Prep 15 mins
Cook 15 mins
Hard to resist!!
- 1⁄2 cup 35% cream, plus
- 3 tablespoons 35% cream
- 4 tablespoons sugar
- 1 cup semisweet chocolate
- 1 3⁄4 cups milk chocolate
- 2 tablespoons butter, at room temperature
- 6 tablespoons creme de cassis
- 1⁄4 cup dark chocolate
- 1⁄2 cup cocoa powder
- 1⁄2 cup powdered sugar
- Bring the cream and sugar to a boil.
- Remove from heat and pour over the chocolate, which has been broken up into small chunks and placed in a clean bowl.
- Stir gently adding the room temperature butter.
- Continue to stir until all the chocolate has dissolved.
- As the mixture cools, it will begin to thicken.
- Next, add the cassis and continue to stir for another 2 to 3 minutes.
- Cover with a kitchen towel and place in a cool area but do not refrigerate.
- It is best to leave it overnight for it to cool thoroughly and start to firm up.

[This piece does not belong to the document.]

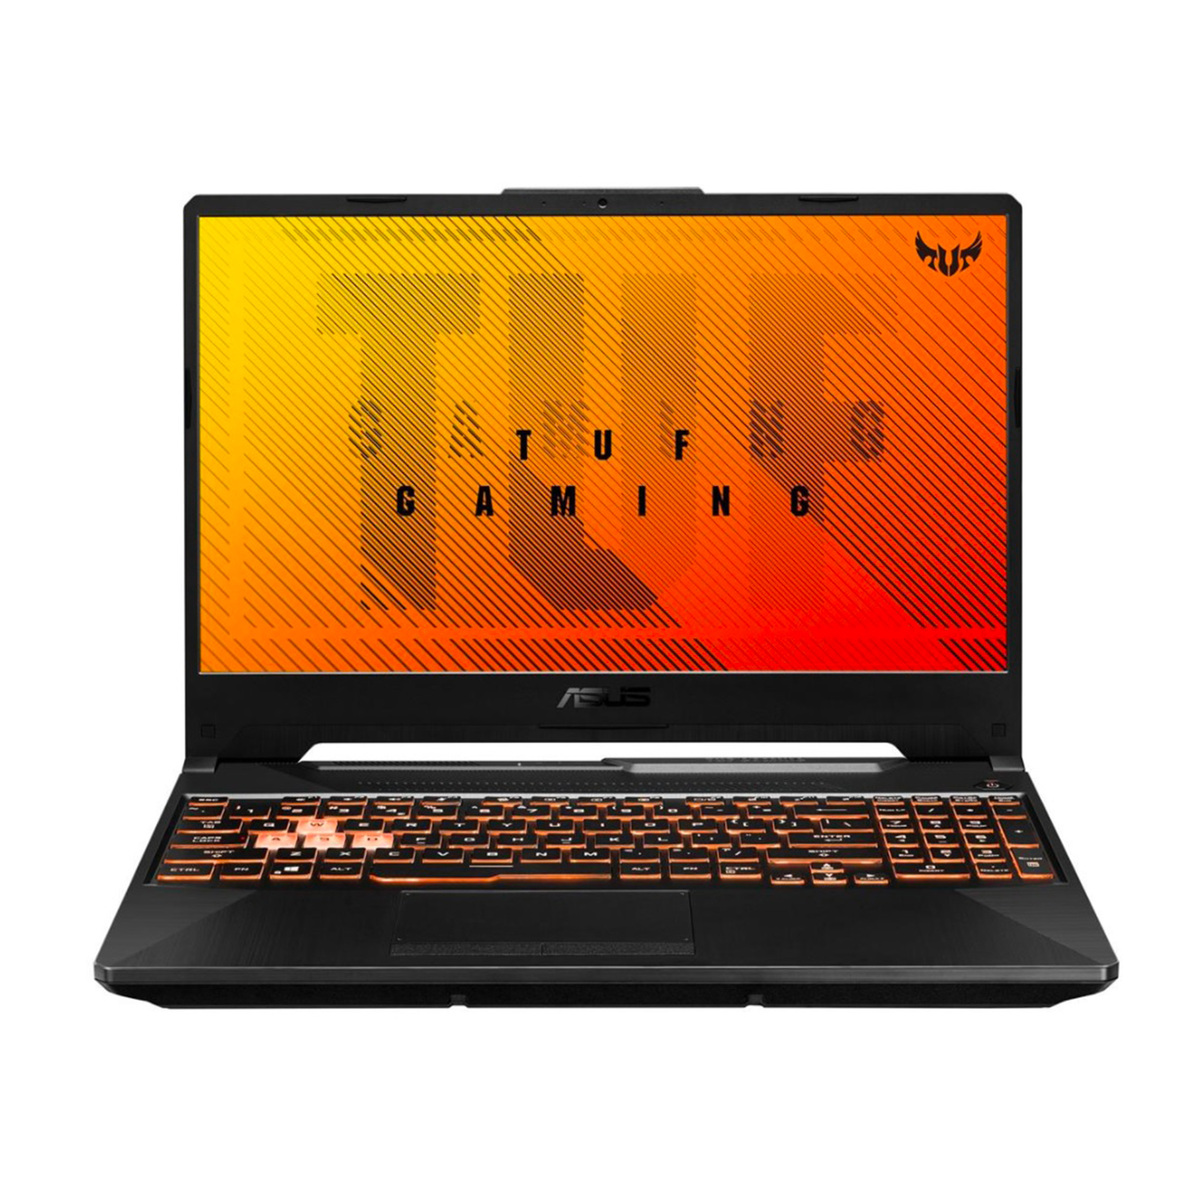 Asus TUF Gaming Notebook FX506LI-BQ057T,Intel Core i5,8GB RAM,512GB SSD,4GB GA,15.6� FHD,Windows 10

- Take your chocolate truffle mix, which should be firm, yet, soft to the touch.
- Place it into a piping bag that has a quarter inch nozzle attached.
- If you don't have a piping bag, just drop teaspoonsful of the mixture.
- On a clean tray with parchment paper, pipe out long sausage length strips of the chocolate truffle.
- When all has been piped out, take a small kitchen knife with the tip dipped in hot water then cut the chocolate truffles into 1 1/4 inch lengths.
- Using a clean pastry brush, brush 5 or 6 chocolate truffles at a time with a little of the melted chocolate.
- One by one, roll them gently in the palms of your hand and then drop them into either the cocoa powder or the powdered sugar.
- Roll them around and remove any excess sugar or cocoa.
- Place in a storage container or serving dish.
- It is best to store these truffles in a cool part of the house but do not refrigerate.